Ketika Jacob Roggeveen menemukan sebuah pulau di Hari Paskah tahun 1722, dia menemukan sebuah pulau gersang yang hanya dihuni oleh ratusan penduduk. Tetapi alangkah terpesonanya dia ketika melihat berdirinya ratusan patung-patung raksasa yang oleh penduduk lokal disebuat moai. Bagaimana, tanya Roggeveen, mereka mampu mendirikan patung-patung tersebut tanpa sumber daya yang memadai?

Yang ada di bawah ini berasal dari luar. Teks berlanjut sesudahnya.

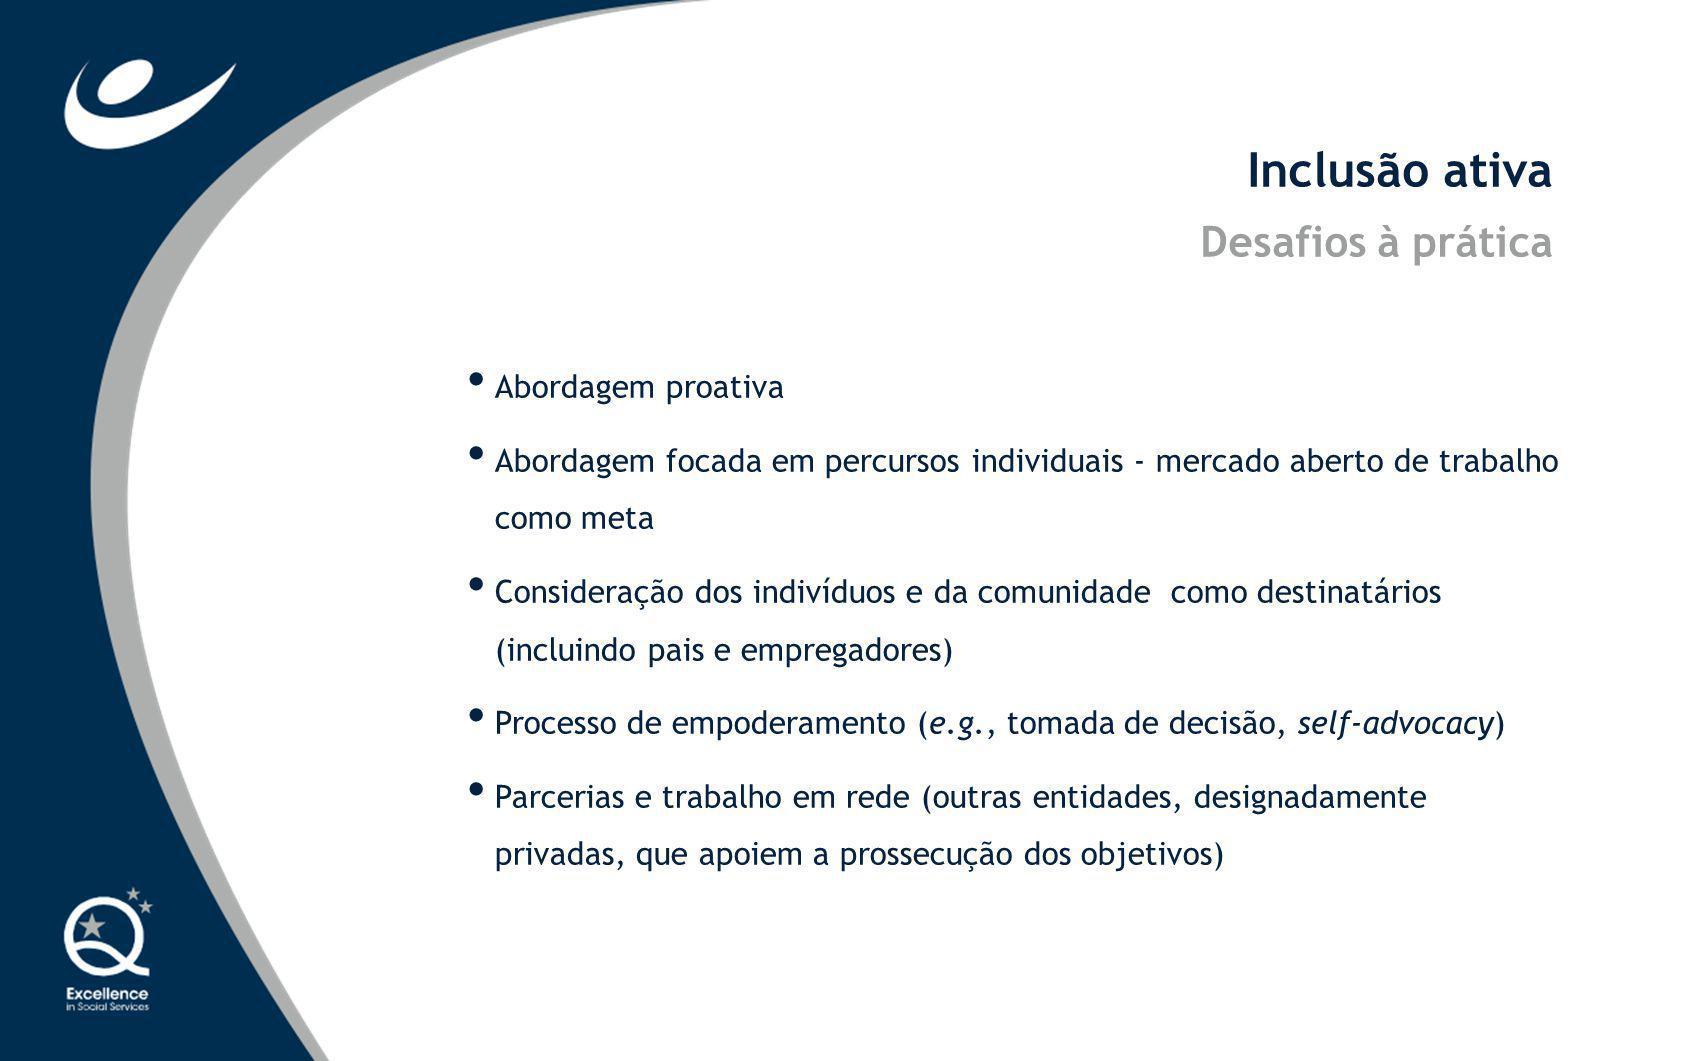 Inclusão ativa Desafios à prática Abordagem proativa Abordagem focada em percursos individuais - mercado aberto de trabalho como meta Consideração dos
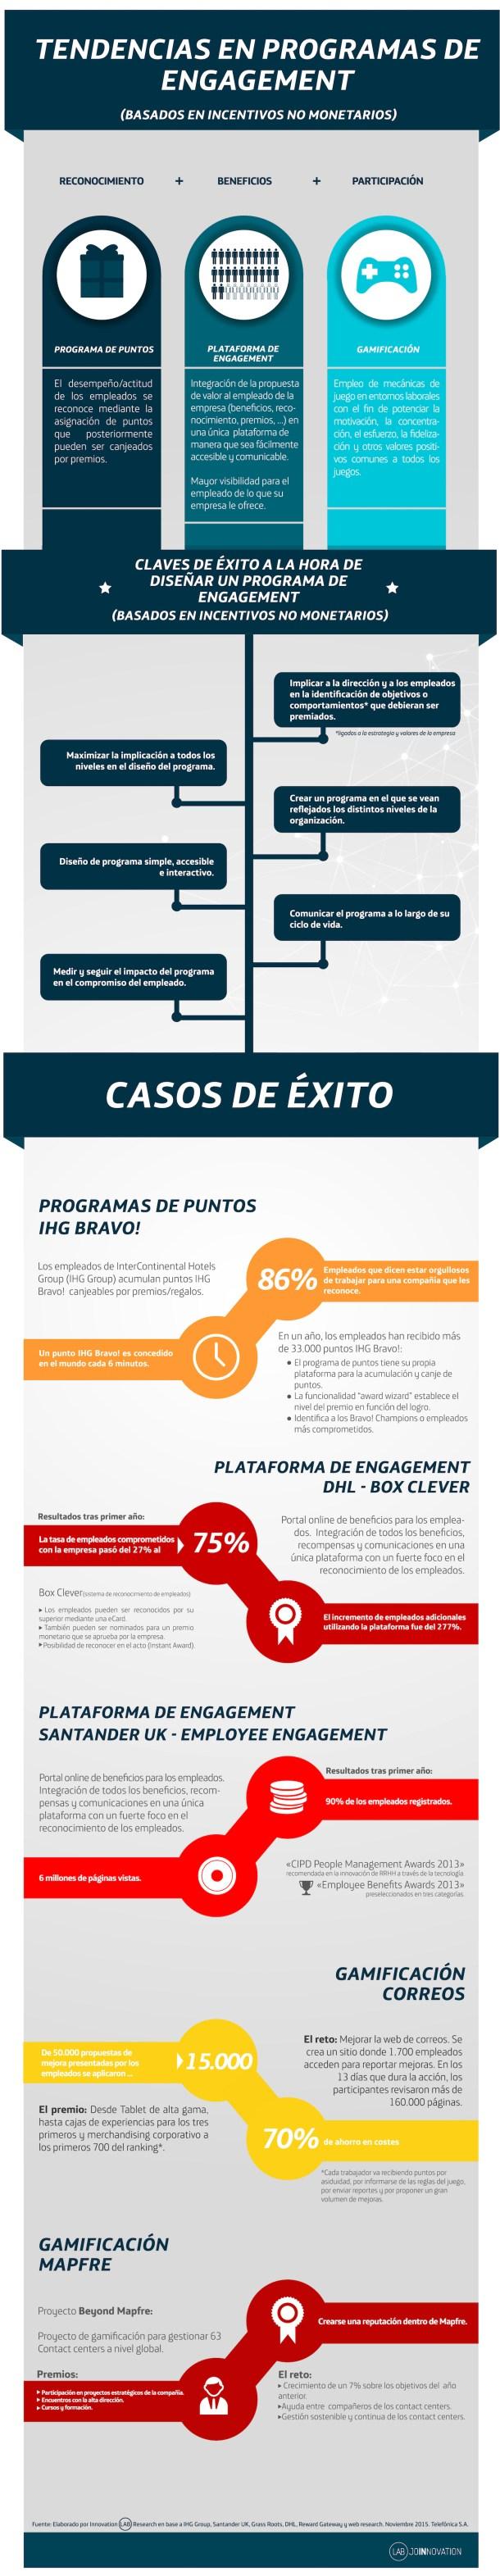 af_infografía_INCENTIVOS NO MONETARIOS_cambiosDACIL
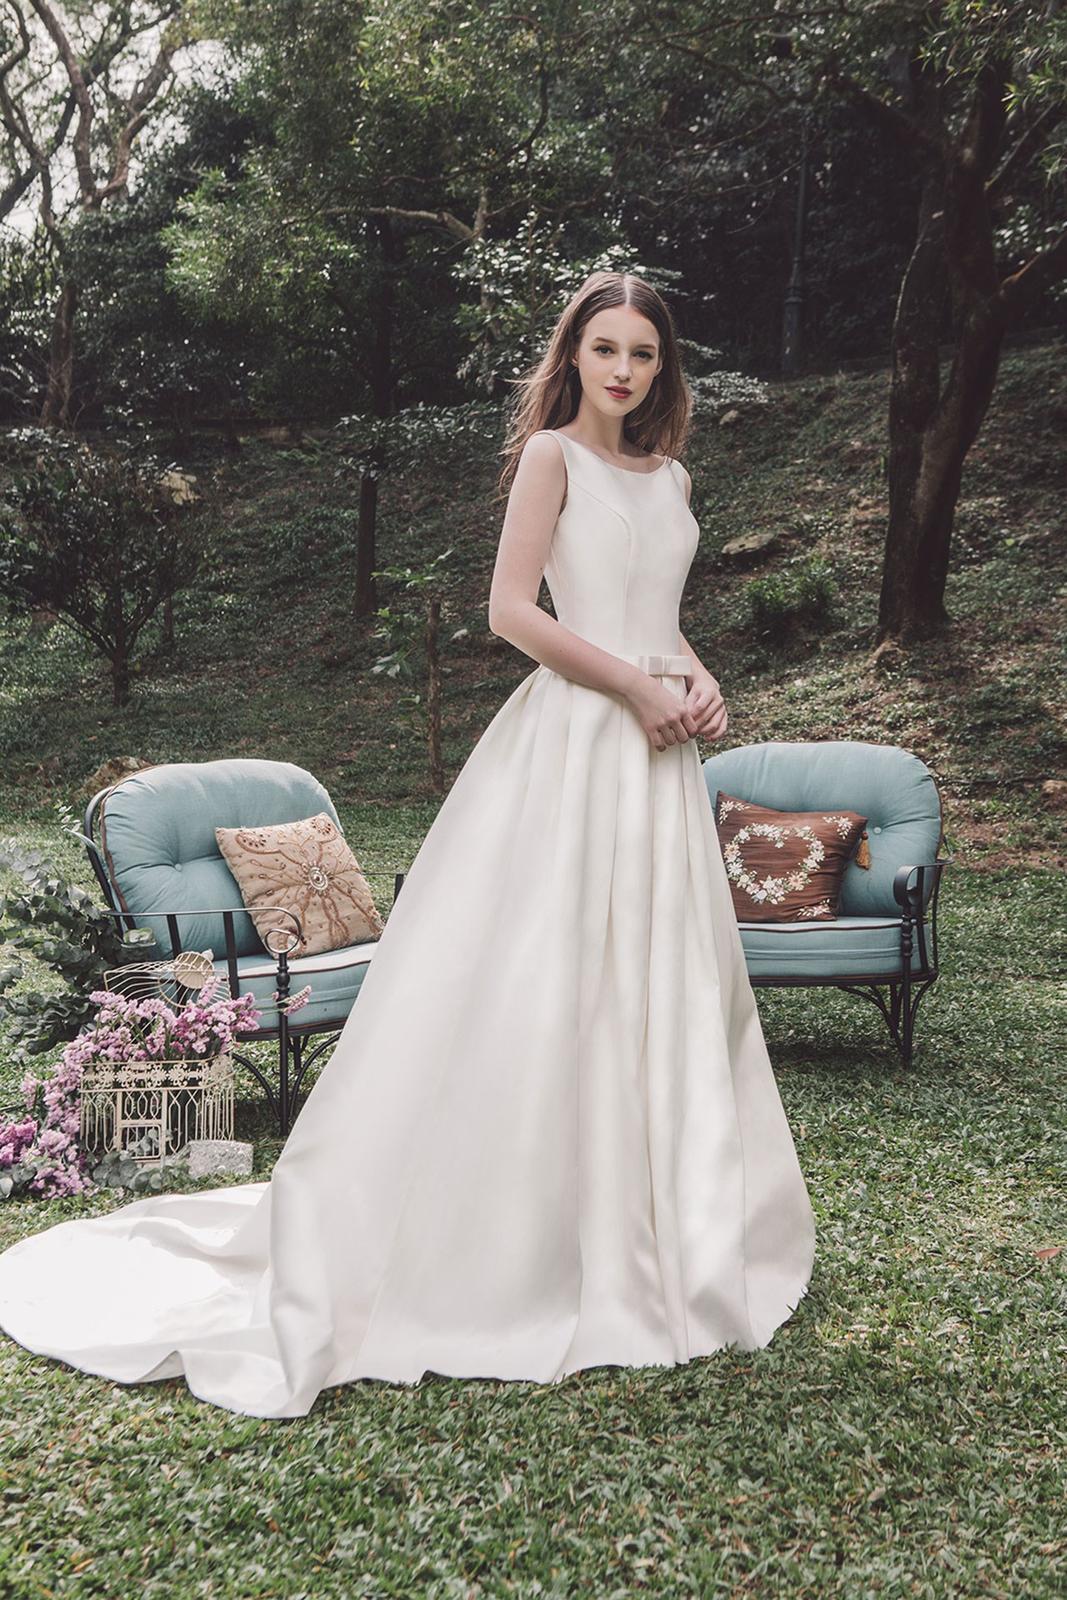 Tak jednoducho, ako sa len dá (minimalizmus v svadobných šatách) - Obrázok č. 26

Pulau yang kemudian diberi nama Pulau Paskah (Easter Island) tersebut juga merupakan salah satu pulau terjauh di dunia sehingga interaksi dengan pulau-pulau tetangga boleh dibilang sangat minim.

Ratusan tahun berlalu dan banyak ahli yang masih mencoba menerka bagaimana patung-patung tersebut didirikan. Berbagai teori dilahirkan, termasuk bantuan makhluk-makhluk cerdas luar angkasa. Akhirnya teori yang lebih masuk di akal berhasil dibuat dan dibuktikan melalui rekonstruksi.

Pulau Paskah, ternyata di jaman sebelumnya tidaklah segersang saat ini. Ribuan pohon kelapa berbaris rapi di tepi-tepi pantai. Pohon-pohon besar lainnya juga tumbuh di sana. Lalu kemana perginya pohon-pohon tersebut? Jawabannya ternyata sangat berhubungan dengan patung-patung raksasa tersebut. Ya, pohon-pohon tersebut ditebang agar bisa dipakai untuk mengangkut dan mendirikan patung-patung tersebut. Patung-patung yang didirikan tak lain tak bukan untuk — apa lagi kalau bukan — menunjukkan persaingan ego suku-suku di sana yang berlomba-lomba mendirikan patung yang lebih besar.

Hari ini, ribuan kilometer di selatan Pulau Paskah, es Antartika mulai mencair. Adakah hubungan antar keduanya? Kita tidak perlu berpikir terlalu jauh untuk menarik benang merah antar kedua kejadian yang terpisah ruang dan waktu tersebut. Bumi kita sekarang ini adalah sebuah “Pulau Paskah”, sebuah planet yang jauh terpisah dari planet-planet lainnya yang bisa mendukung kehidupan (itu pun kalau ada). Saat ini, bumi kita masih hijau, tapi mulai menjalani alur sejarah yang sama dengan apa yang akhirnya menimpa Pulau Paskah. Jutaan kubik gas karbondioksida yang kita buang ke atmosfir tiap hari telah membuat bumi kita tambah panas dan hidup kita makin kacau. Kita berlomba-lomba menunjukkan ego kita dengan membeli mobil yang lebih besar, membangun gedung yang lebih megah yang memakai listrik yang lebih banyak, mendirikan pabrik-pabrik berkapasitas raksasa, yang semuanya membutuhkan sumber daya bumi yang terbatas.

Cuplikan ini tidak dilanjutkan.